Neste sentido, Chico Xavier, que ideologicamente havia sido um pré-bolsonarista - só não apoiando o armamento da população, mas ainda assim com um perfil abertamente reacionário - , era o Luciano Huck do seu tempo, através de medidas de suposta caridade, meramente marqueteiras, que se tornaram, com o tempo, desculpas para abafar qualquer crítica feita ao "médium".

Eram ações espetacularizadas. Assistencialismo praticado por terceiros mas que, depois, levavam a assinatura do suposto benfeitor. Peregrinações tendenciosas, feitas para alimentar a promoção pessoal às custas dos mais necessitados. Ações que produzem o mais apaixonado louvor ao "benfeitor" da ocasião, embora os resultados dessa "admirável caridade" sejam baixíssimos, sem tirar os pobres da inferioridade social, mesmo quando parcialmente realizam alguma relativa emancipação financeira.

O mais sutil, e isso os militares e os grandes empresários de mídia já previam, é que essa "caridade" renderia debates e conflitos, porque os beatos do suposto benfeitor ficam defendendo ele o tempo todo, usando apenas os pobres como "gancho", como que numa operação de sequestro, quando se usa a vida do refém para tentar proteger e favorecer o sequestrador.

Supostas caridades como as de Chico Xavier e Luciano Huck, feitas por elites em geral querendo forçar o bom-mocismo, trazem baixos resultados sociais. Elas não rompem com as desigualdades sociais, porque mantém intatos os privilégios dos mais ricos, que apenas cedem uma parcela inexpressiva de seu patrimônio para tentar promover uma imagem positiva na sociedade.

Isso tudo blinda Chico Xavier e faz com que nenhuma ação possa contradizer sua trajetória ou anular sua idolatria. A recente "concessão" dos chiquistas, que agora definem Chico Xavier como "endividado" e "imperfeito", cuja "missão" havia sido "enfrentar provas na vida", nada adianta para abafar sua imagem idealizada, como "fada-madrinha do mundo real", como também não traz coisa alguma de realista, antes dando um verniz politicamente correto às fantasias em torno do "médium".

Afinal, essas atitudes de transformar Chico Xavier em alguém "gente como a gente" são só uma "carteirada" por baixo, que não exercem compromisso algum com a Verdade, que em muitos momentos é bastante dolorosa.

Os chiquistas, embora reneguem no discurso, a ideia de "donos da verdade" ("ninguém é dono da verdade", dizem, com estranho alarde), tratam Chico Xavier como seu dono, porque para eles não há questionamento que possa contrariar seu ídolo religioso. As virtudes humanas foram "privatizadas" por Chico Xavier, enquanto o ódio tornou-se um "patrimônio público", dentro desse país de Bolsonaros, milícias e bolsomínions, além de chiquistas que, quando podem, são também odiosos.

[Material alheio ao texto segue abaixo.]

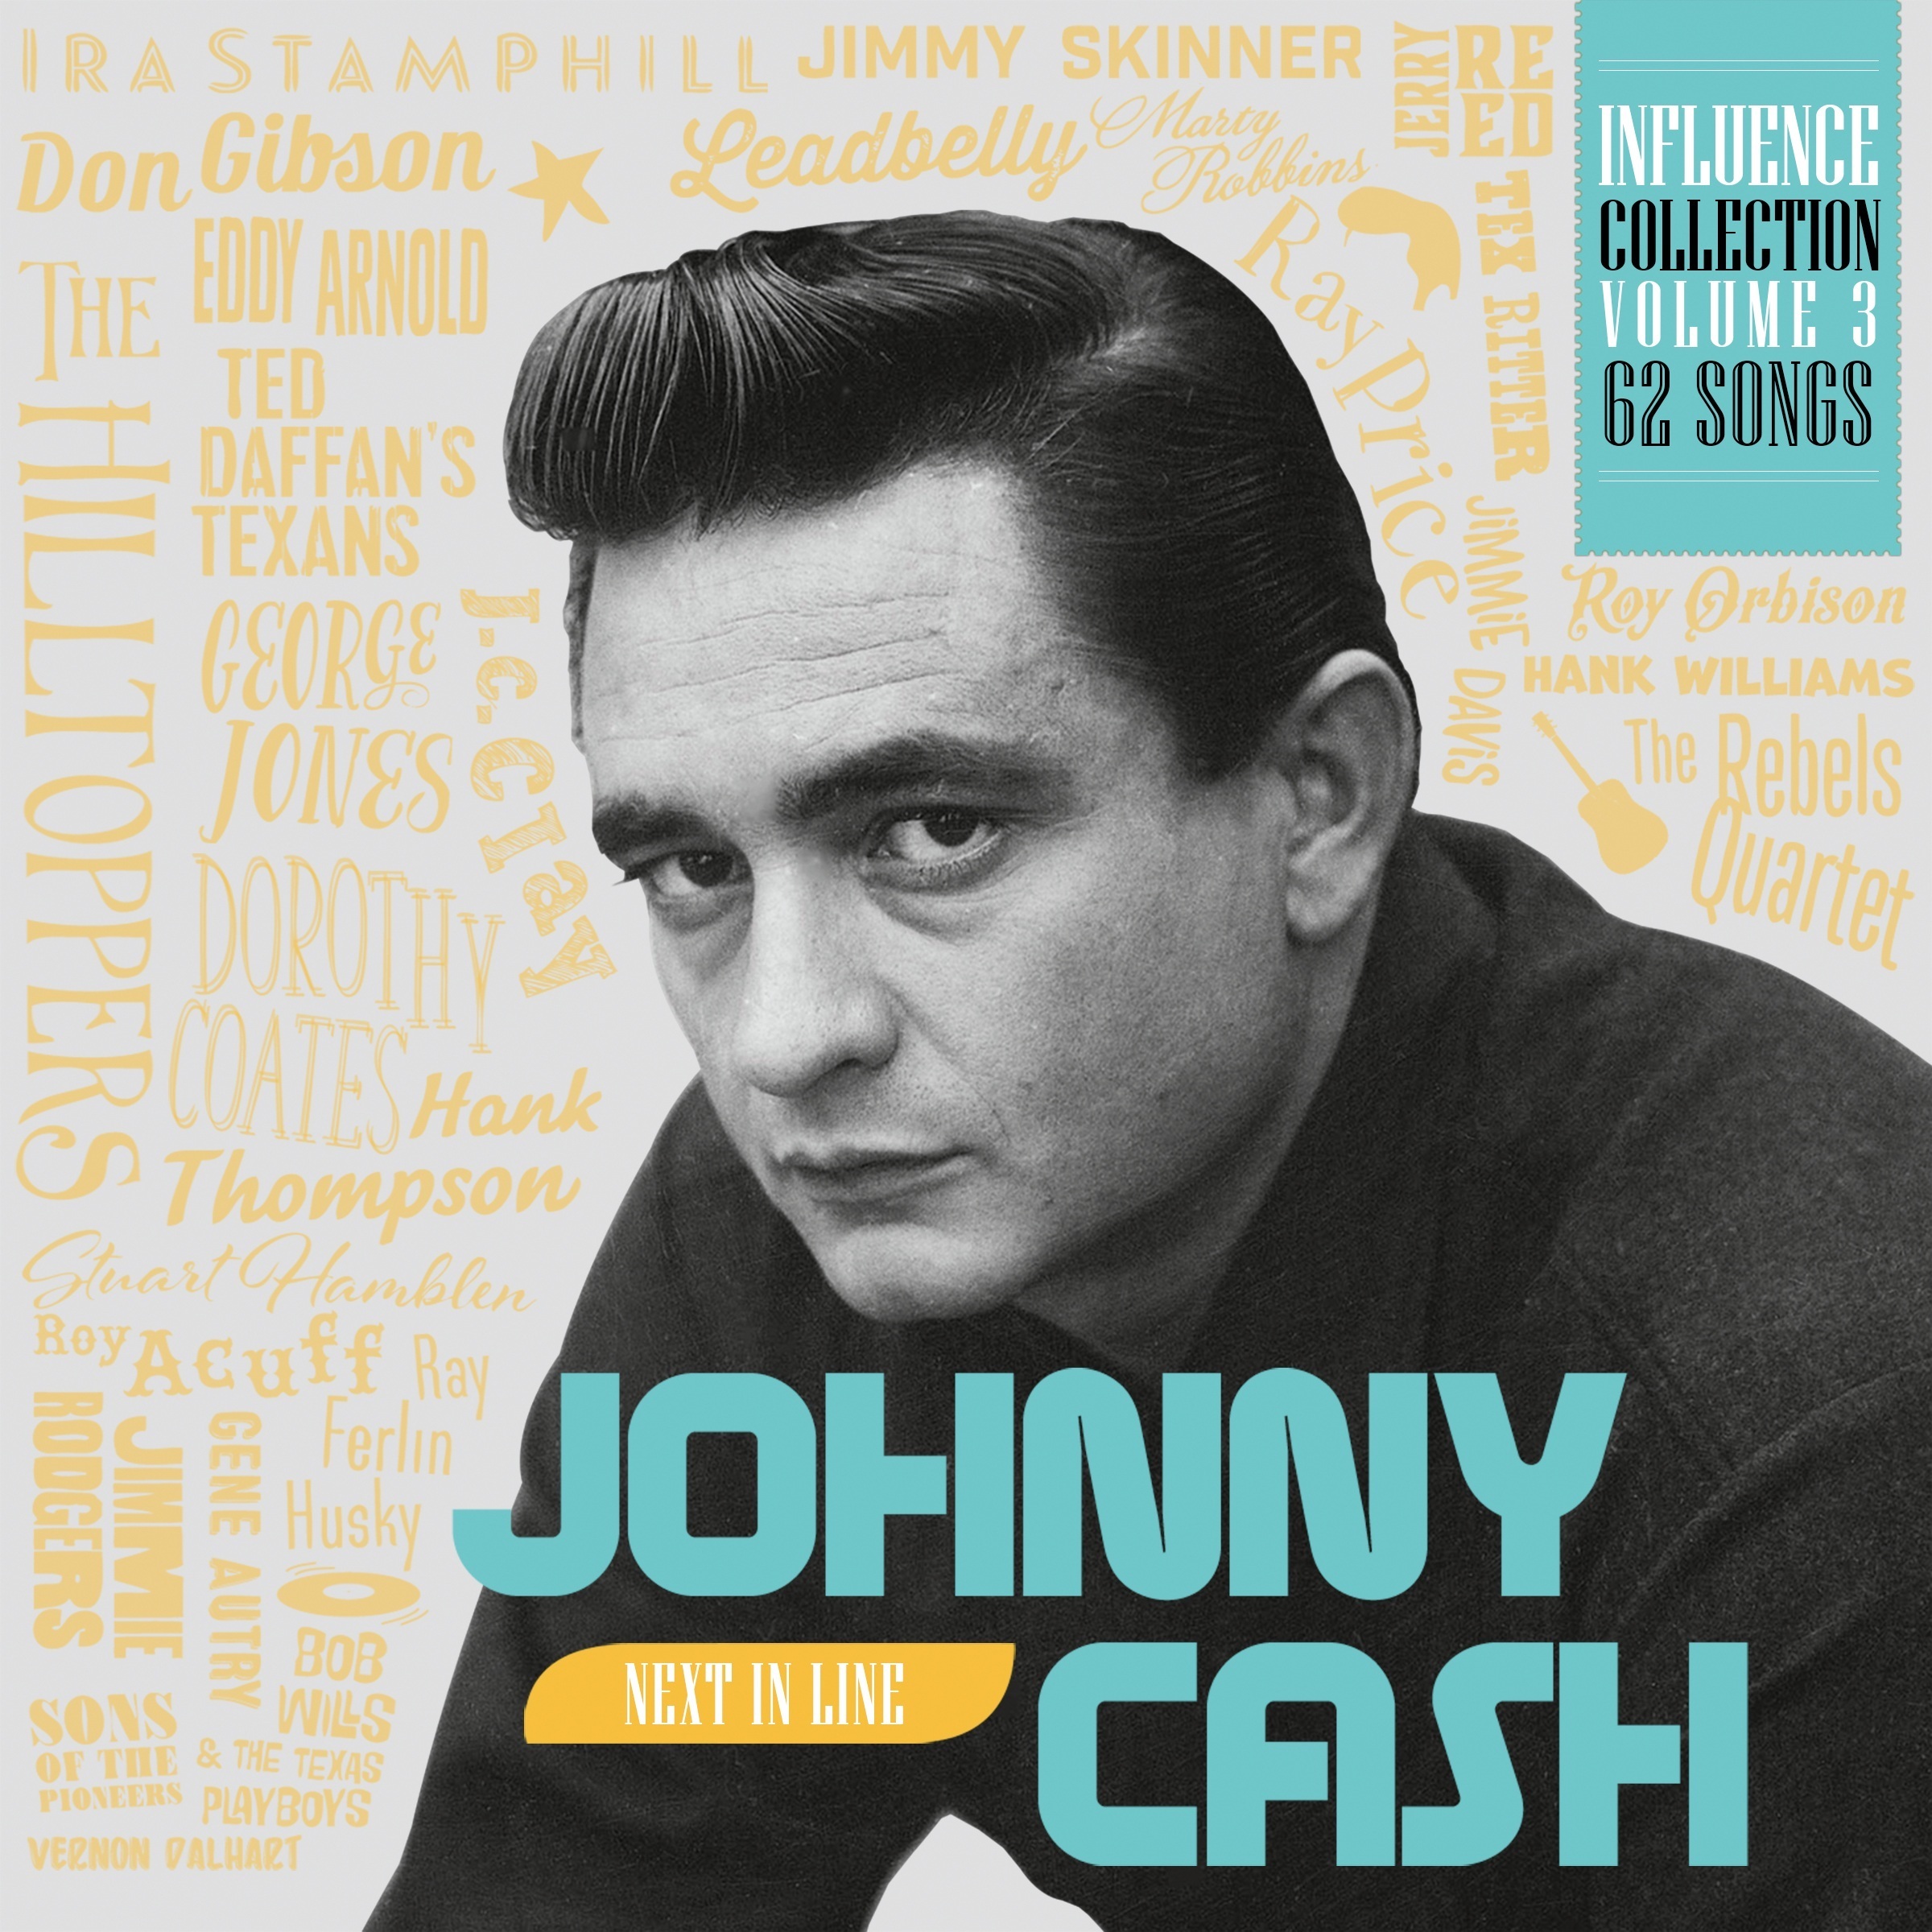 Influence Vol. 3: Johnny Cash, Next in Line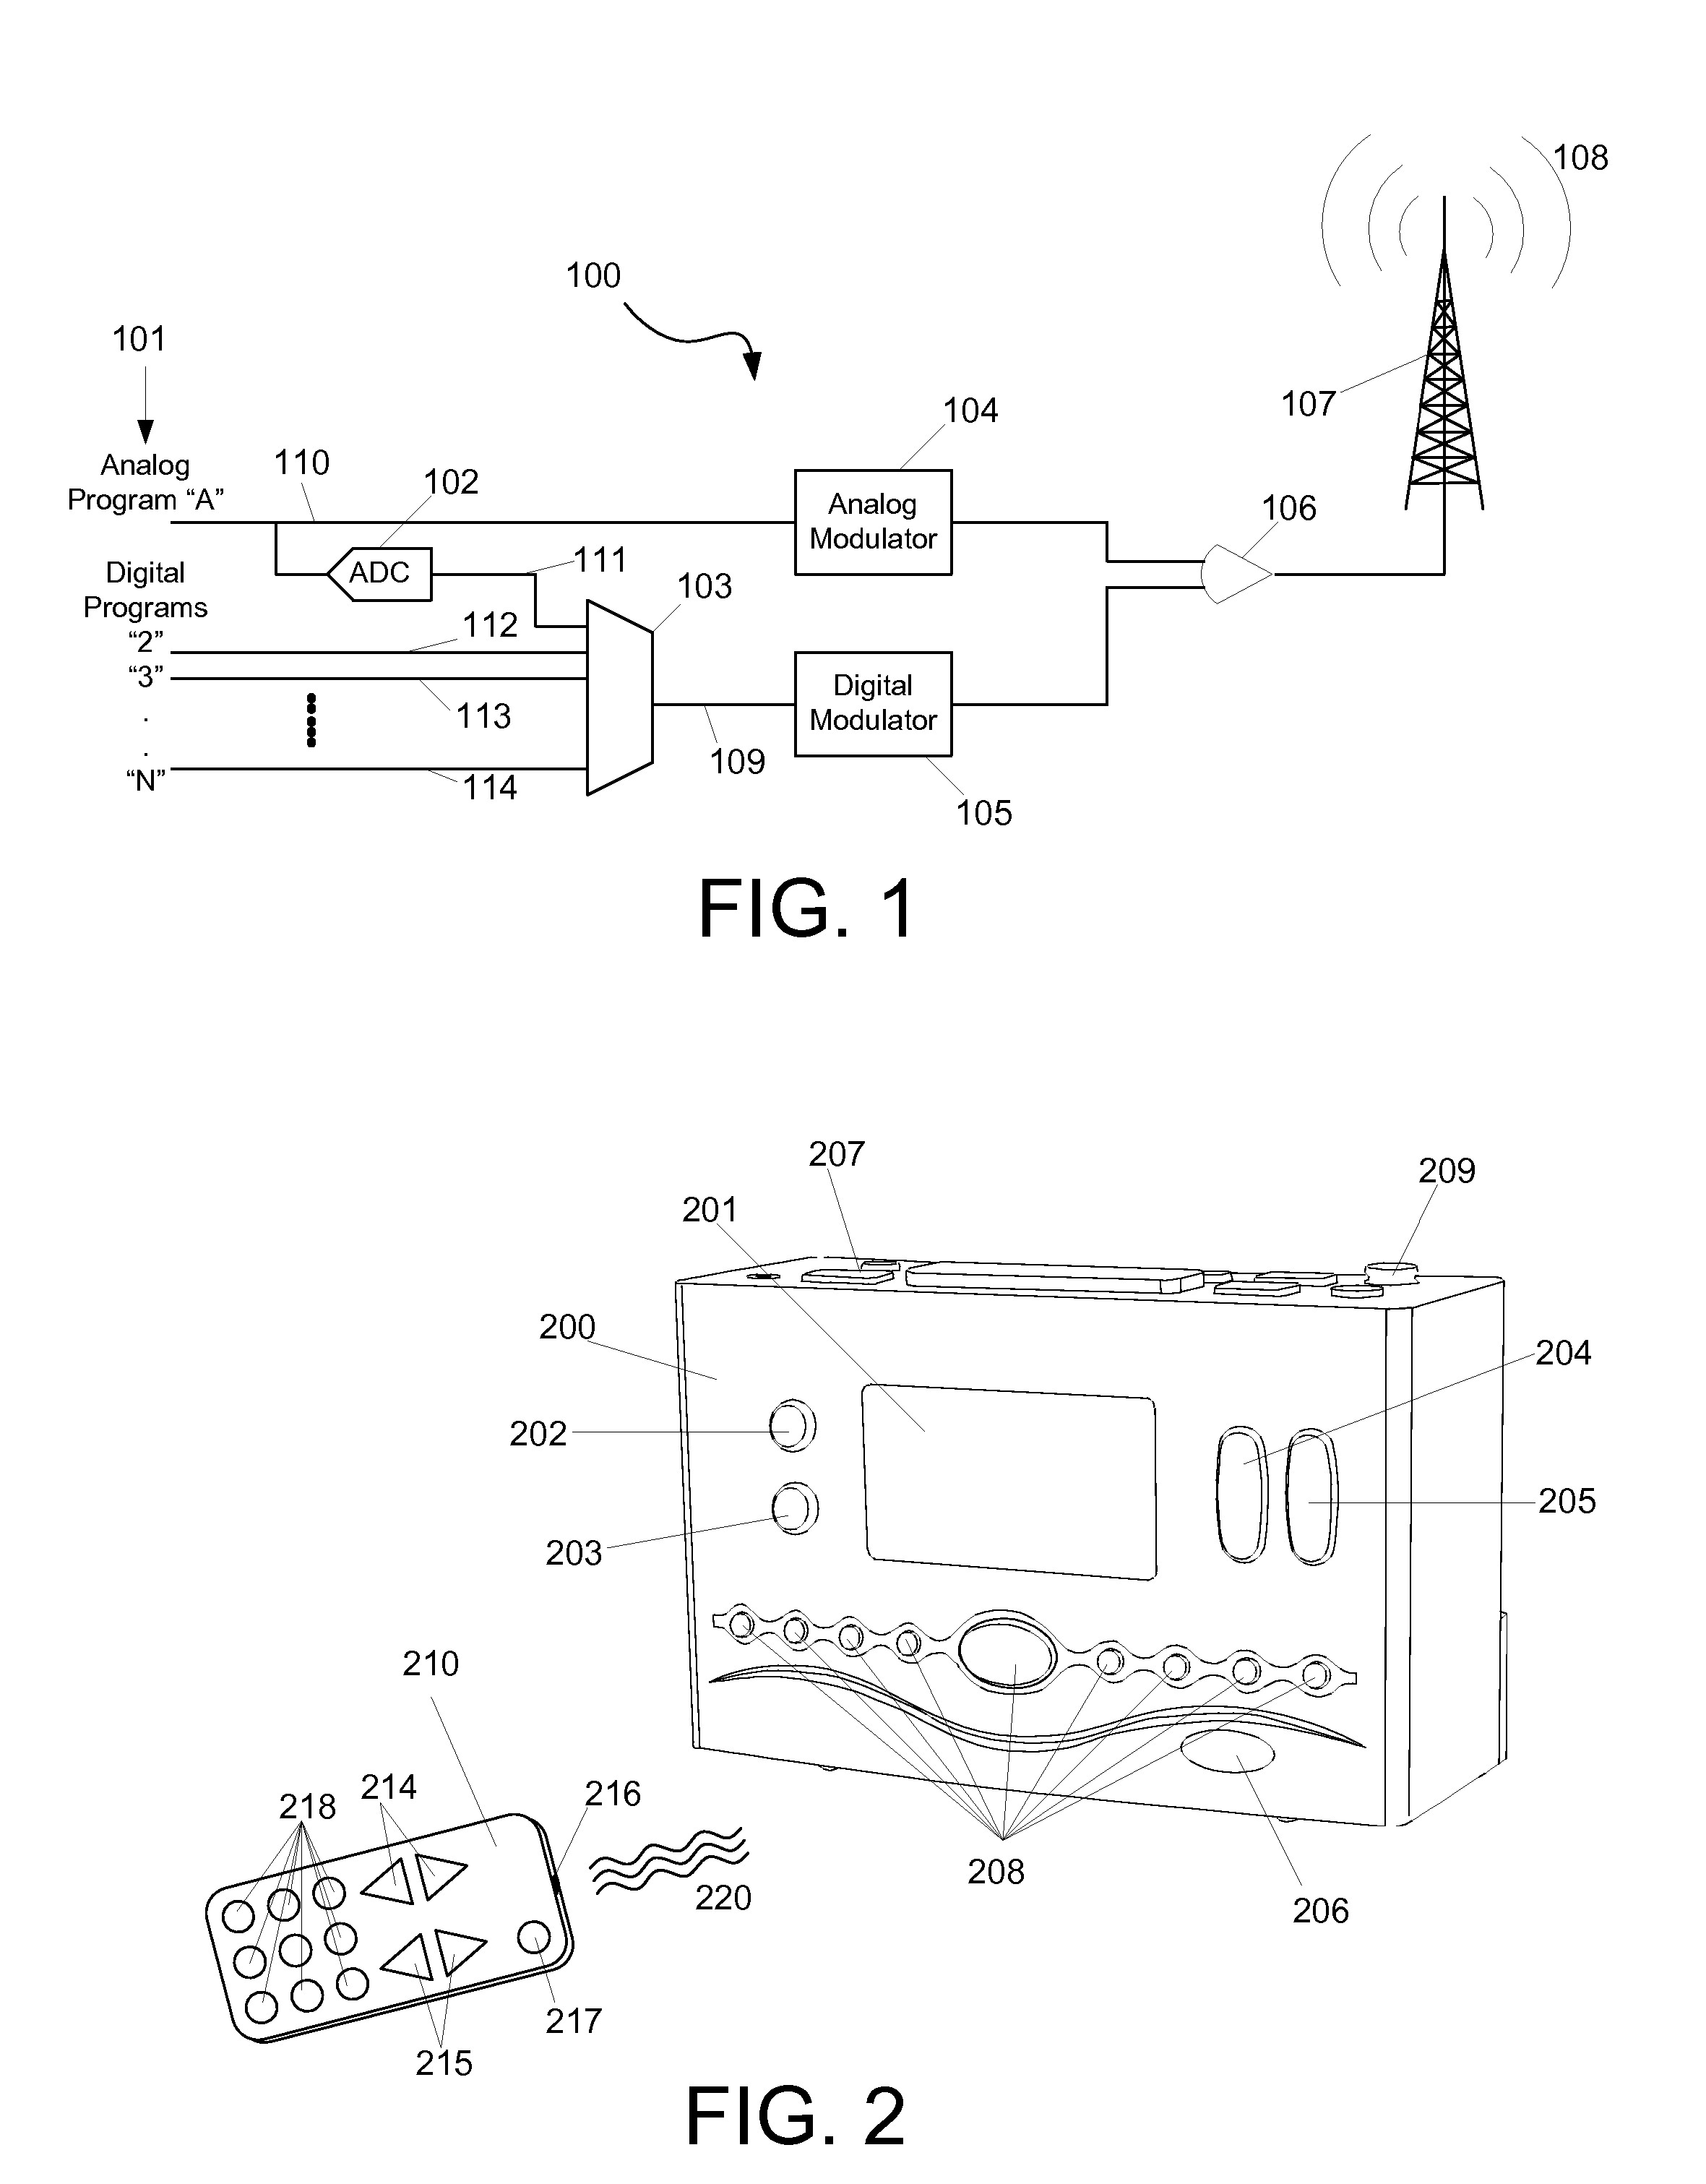 Method and Apparatus for Scanning for Digital Subchannels in a Hybrid Analog/Digital Broadcast

Se for pela Verdade e pela Razão, veremos que Chico Xavier era, na verdade, deplorável e desprezível, como um fraudador literário, como um mistificador, um católico medieval e um reacionário severo, além de ter sido um grande charlatão. Fatos confirmam isso, para desespero dos chiquistas, mesmo os "isentos". A Verdade machuca e, muitas vezes, traz coisas desagradáveis.